We also developed a summed-score linking method to enable the transformation of the mini-PANSS scores for each of the subscales to the subscale scores of the full PANSS. This linking method will allow comparing data scored with the mini-PANSS to be transformed to the full PANSS allowing for comparison of results from studies using the two versions of the PANSS or to transform data from one study using the Mini-PANSS to data with the full PANSS. Future studies may benefit by incorporating a shortened version of the PANSS based on the items that performed as Very Good and Good in the IRT analyses. For example, abbreviating the measure in a meaningful way could serve as a screening instrument, increase rater reliability of assessment in research settings as well as offer an objective approach to measuring psychopathology in primary care and other clinical settings.
Limitations
First, despite its advantage as a shorter instrument, the Mini-PANSS should not be considered as a replacement for the original scale. The decision to produce a short IRT- based form of the PANSS could be seen as a loss of the multidimensional construct. The PANSS dimensions of Anxiety/Depression, Excitement/Hostility, and Cognition are not fully represented in the Mini-PANSS. Even if a theoretical criterion was applied to select, among the most effective items, the different items that would eventually form a Mini-PANSS, one would need to re-examine these items from a theoretical perspective. Furthermore, there are still no definitive criteria to establish whether measures developed from IRT are theoretically and empirically superior to instruments developed with CTT.

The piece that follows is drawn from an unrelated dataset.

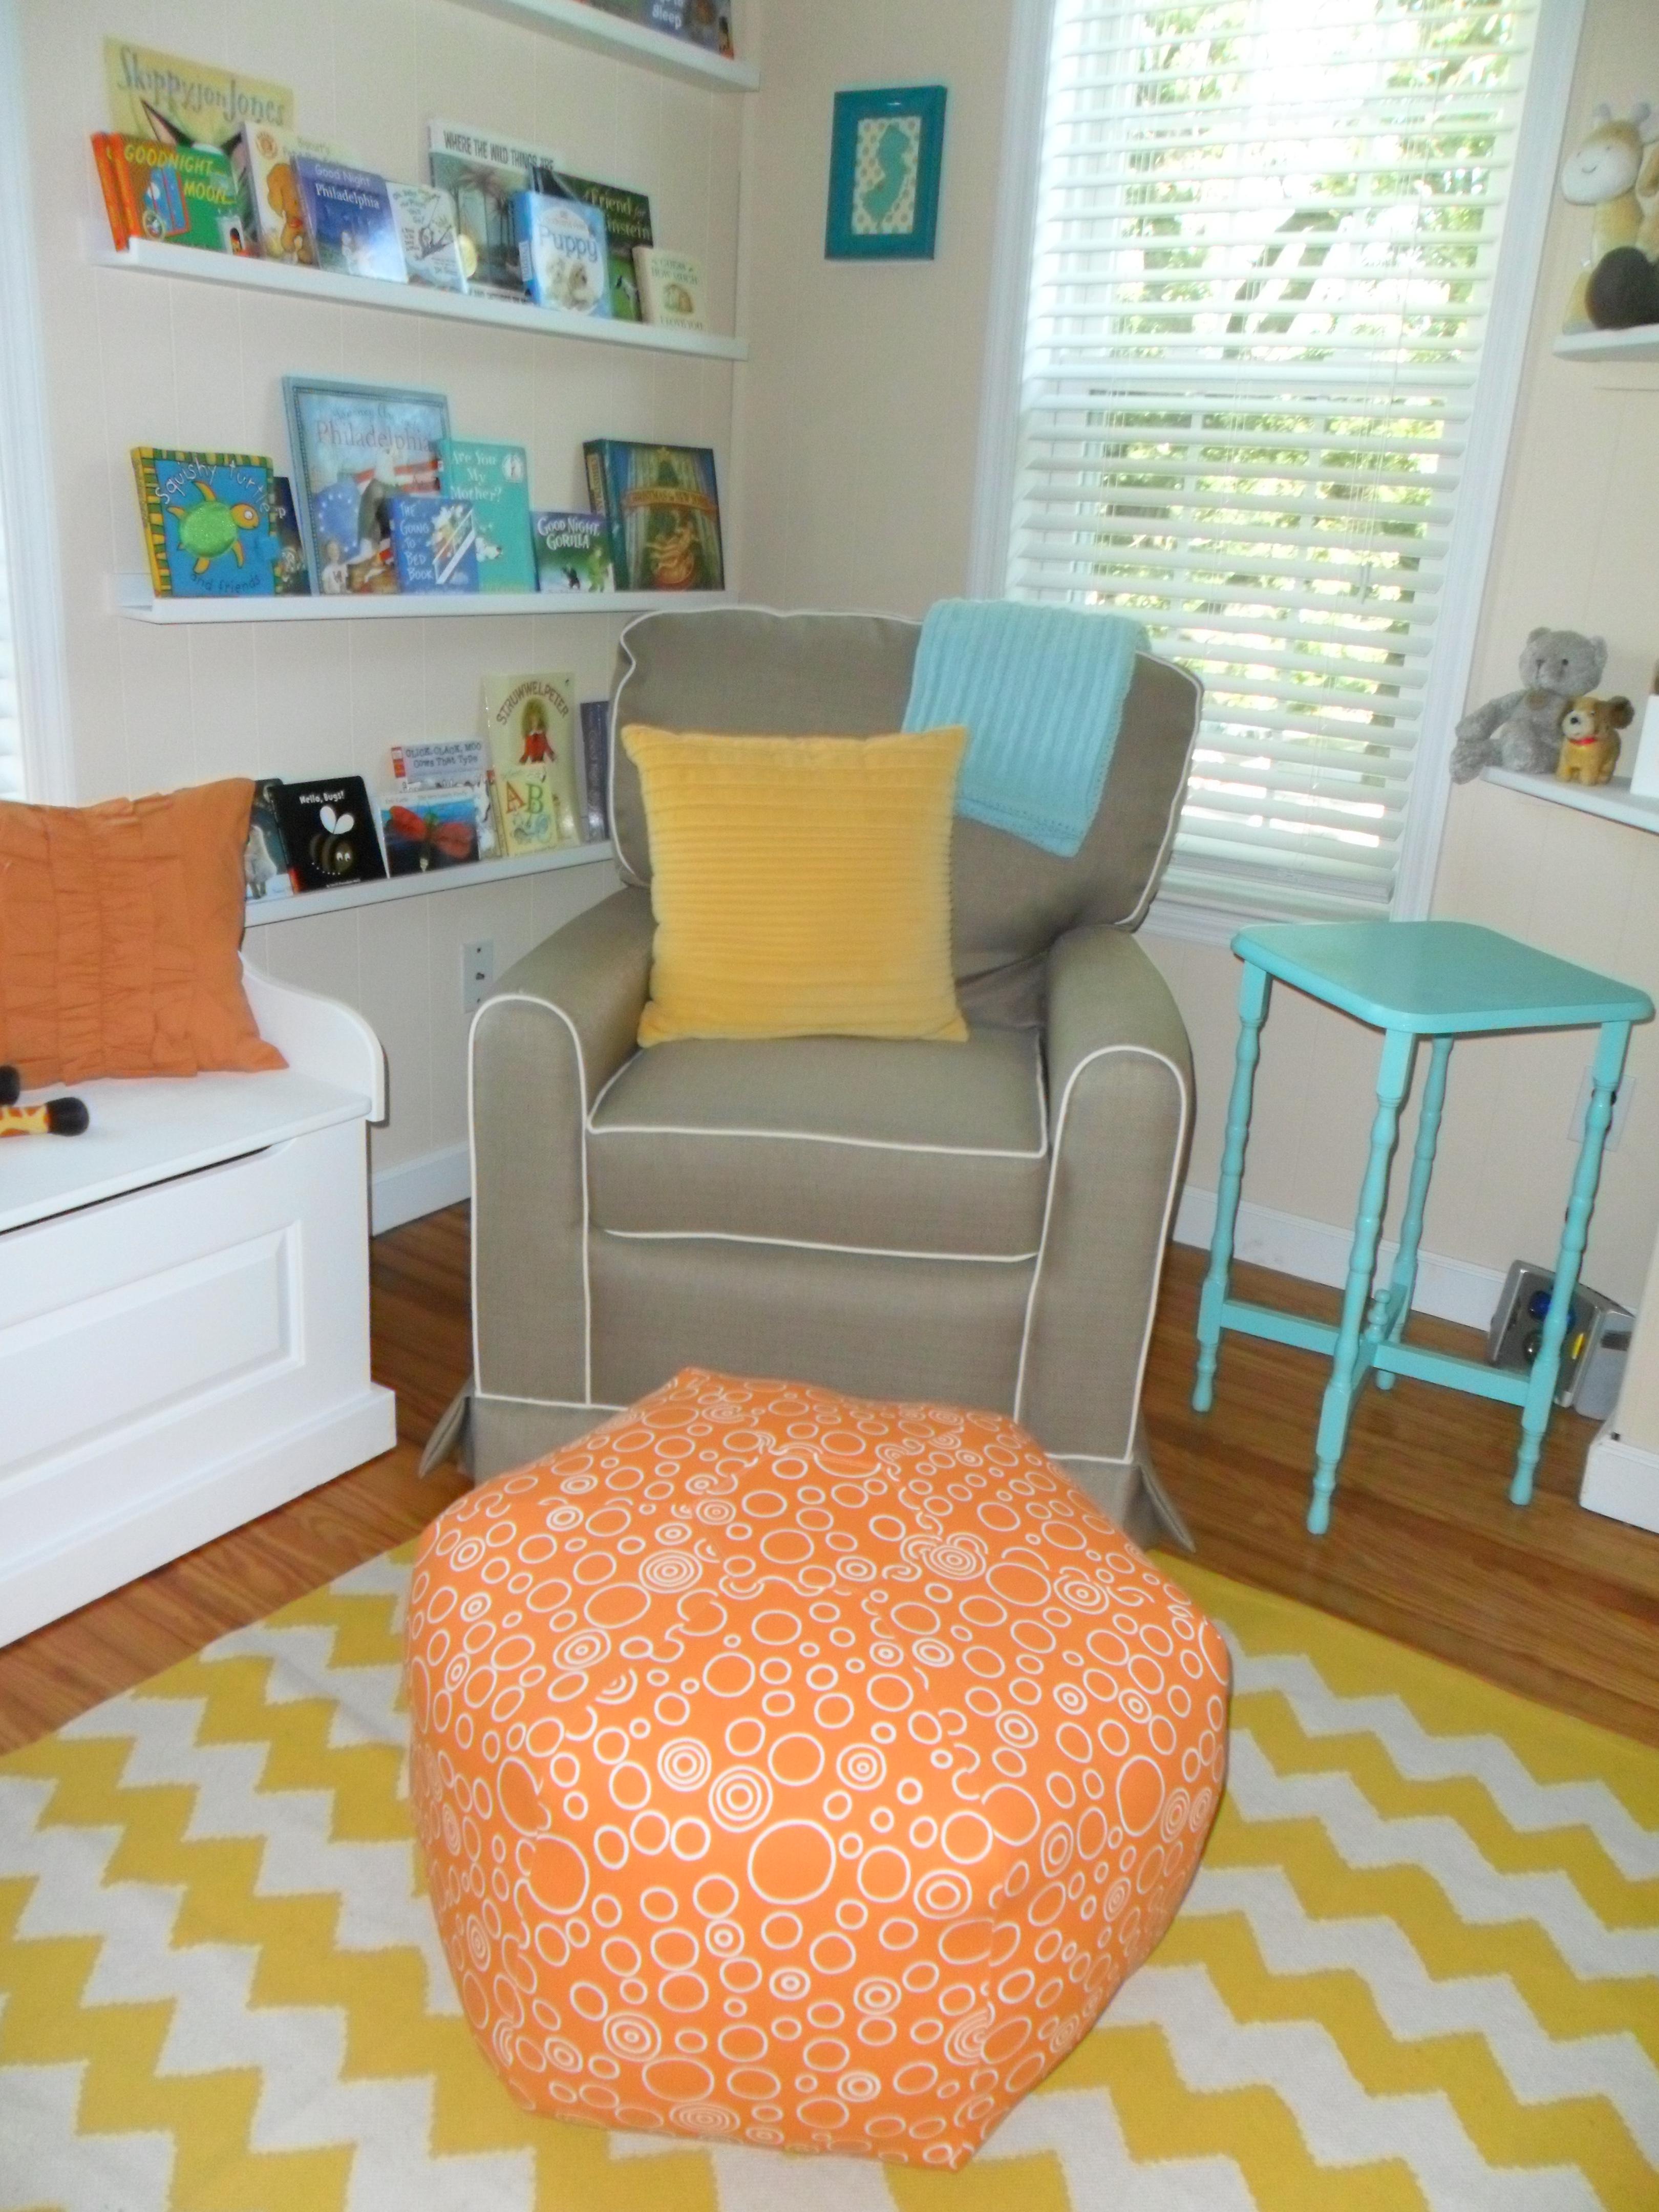 Baby Kopp's Nursery – Finally Finished!

Second, the present sample was based on patients included in clinical trials according to specific inclusion and exclusion criteria, and may therefore not accurately represent all patients with schizophrenia encountered in clinical practice and not be generalizable. Because of the large number of sites and investigators, interrater reliability among raters at different sites may not have been consistently optimal.
Third, our examination of OCCs showed that options in some items (e.g., item N5) were problematic, and that option 7 was rarely used at all levels of psychopathology. This may reflect the fact that patients included in clinical trials do usually not present with extreme levels of psychopathology. They could not be recruited and adequately consented at extreme levels of item severity. On the other hand, some adjustments may be necessary; for example, option 7 could be reformulated (e.g., combining options 6 and 7), and the effectiveness of these modifications will have to be empirically tested.
Fourth, Cella and Chang [
42] warned of the possible limitations of using IRT methods in the evaluation of health measures since IRT methods were originally developed to be used with a fairly homogeneous educational assessment population. When we apply these methods to more heterogeneous clinical populations there may be limitations to obtain item-free estimates of sample latent traits. Cella and Chang [
42] also remarked that the context, selection and sequence of items, considering both item diversity and clinical diversity, may produce sample-dependent item difficulty estimates and, therefore unreliable item-dependent estimates of patients' severity of illness. The continuous monitoring of item calibrations involved in the process of item banking will help to solve these uncertainties.
Finally, the full range of psychometric properties of the Mini-PANSS needs to be carefully studied before this new scale can be clinically used. We are presently planning to test these properties. For example, further examination of validity, reliability, sensitivity, specificity, schizophrenic categories and assessment of cut-off scores for the Mini-PANSS can be examined in a clinical trial framework.